Samsung S24 Homepage Takeover

As the UX designer on the project, I led Three’s Samsung Galaxy S24 launch from homepage concept to SEO landing pages. I replaced the existing carousel with a static layout, proven by A/B test over commercial pushback, and Three was first operator live in market during Samsung’s keynote. Samsung called the execution “Best in Class.

The problem

Three’s homepage is one of its highest-converting entry points, so any disruption at launch carried real commercial risk. The challenge wasn’t just creating a strong promotional presence. It was doing that without breaking the path to purchase for users who arrived ready to buy. On top of that, Three’s main shop pages weren’t indexable by search engines, which meant the organic search opportunity around the launch needed a separate solution entirely.

My role

I was the UX designer on this project, leading the experience from homepage strategy through to SEO landing page wireframes. I introduced the homepage takeover concept, defined the layout approach, worked directly with Samsung stakeholders to align on device priorities, and collaborated with SEO, UI, copy and development teams throughout. I also initiated the A/B test that would later prove the static layout outperformed the existing carousel.

Approach

Replace the carousel with a structured static layout

The trading team pushed back. Carousel positions were sold commercially, so removing it had a financial dimension as well as a UX one. I held the position and initiated an A/B test through Three’s live testing team to let the test settle it. The static layout won. Users could see all key devices immediately without any interaction required. That result also planted the seed for something bigger: the carousel was later permanently removed from the homepage entirely.

Make the device hierarchy obvious

Working with Samsung’s priorities, I designed a layout with a dominant primary container for the flagship S24 and two supporting containers for secondary devices. Users could understand their options at a glance rather than having to hunt, reducing cognitive load at exactly the moment when attention and intent were highest.

Below are three layout options I explored. The first leads with a hero video, followed by three devices, then links through to the watch and tablet pages. The second leads with one main device and two supporting devices, followed by the same links. The third follows the same structure as the second but without the black background, and is the version we went live with. You can see my annotations for the development team on this one.
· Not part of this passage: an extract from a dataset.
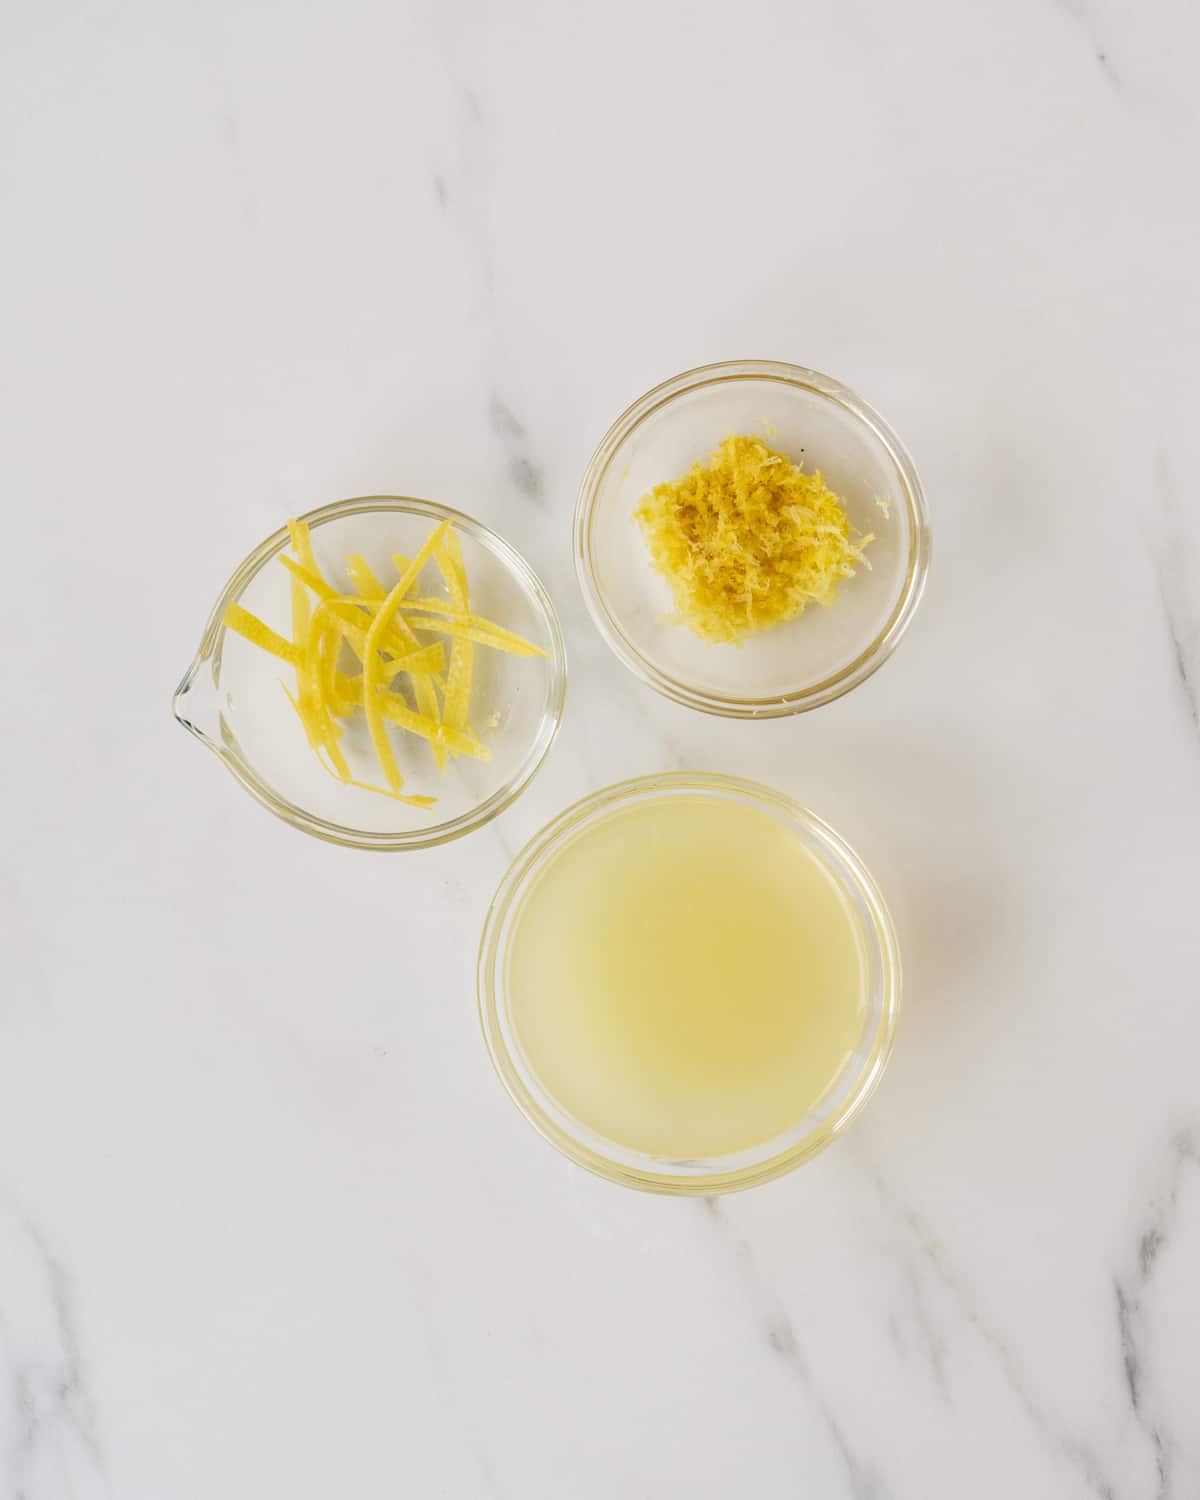 A bowl of lemon zest, a bowl of lemon peel strands, and a bowl of lemon juice.

We chose this layout because it struck a better balance between the Three and Samsung brand identities than the darker, more Samsung-led option.

Solve the SEO gap with purpose-built landing pages

I worked with the SEO team to create landing pages built around what people searching for the S24 were actually typing. I wireframed each page, decided the section structure, and handled the internal linking. Organic traffic went up vs the S23 launch, despite volatile search rankings at launch.

Cut what didn’t serve conversion

Video was on the table early on. I pushed to drop it. The performance risk on mobile and the technical complexity under a fixed deadline wasn’t worth it, and it would have shifted the page toward brand feel rather than purchase intent.

Removing the carousel also meant the page was going to get longer, since that content was no longer collapsed into a single rotating slot. I wanted people to focus on the new Samsung devices, not get distracted scrolling past everything else. My solution was to reduce the supporting content from large promotional cards down to its core content and text links. The before and after below shows the same sections and the same links, just far more efficient with space. I had to reassure stakeholders that nothing was being lost, just deprioritised for a short period while the launch had its moment.

Outcome

“Best in Class”

Samsung, on Three’s S24 homepage takeover.

No other UK mobile operator delivered a comparable homepage experience for the launch. Three was first operator live in market, with pages up at 6.10pm, during Samsung’s keynote. Internal stakeholders described it as the smoothest Samsung launch and merchandising rollout to date.

Lasting Impact

The homepage takeover approach became the blueprint for future device launches at Three. The A/B test results contributed directly to the decision to remove the carousel permanently, a change that outlasted the campaign by a long way.

Reflection

The trading team pushback on the carousel was the most important moment in this project. It would have been easy to compromise and keep it. Instead, I pushed for a test. That’s the difference between a UX decision that lands and one that gets watered down, having the data ready, and being willing to ask for the test rather than talk your way around it.

The SEO piece was also a reminder that UX work at this level isn’t just about the screen in front of the user. The landing page structure and internal linking were as important to the launch’s success as the homepage layout itself.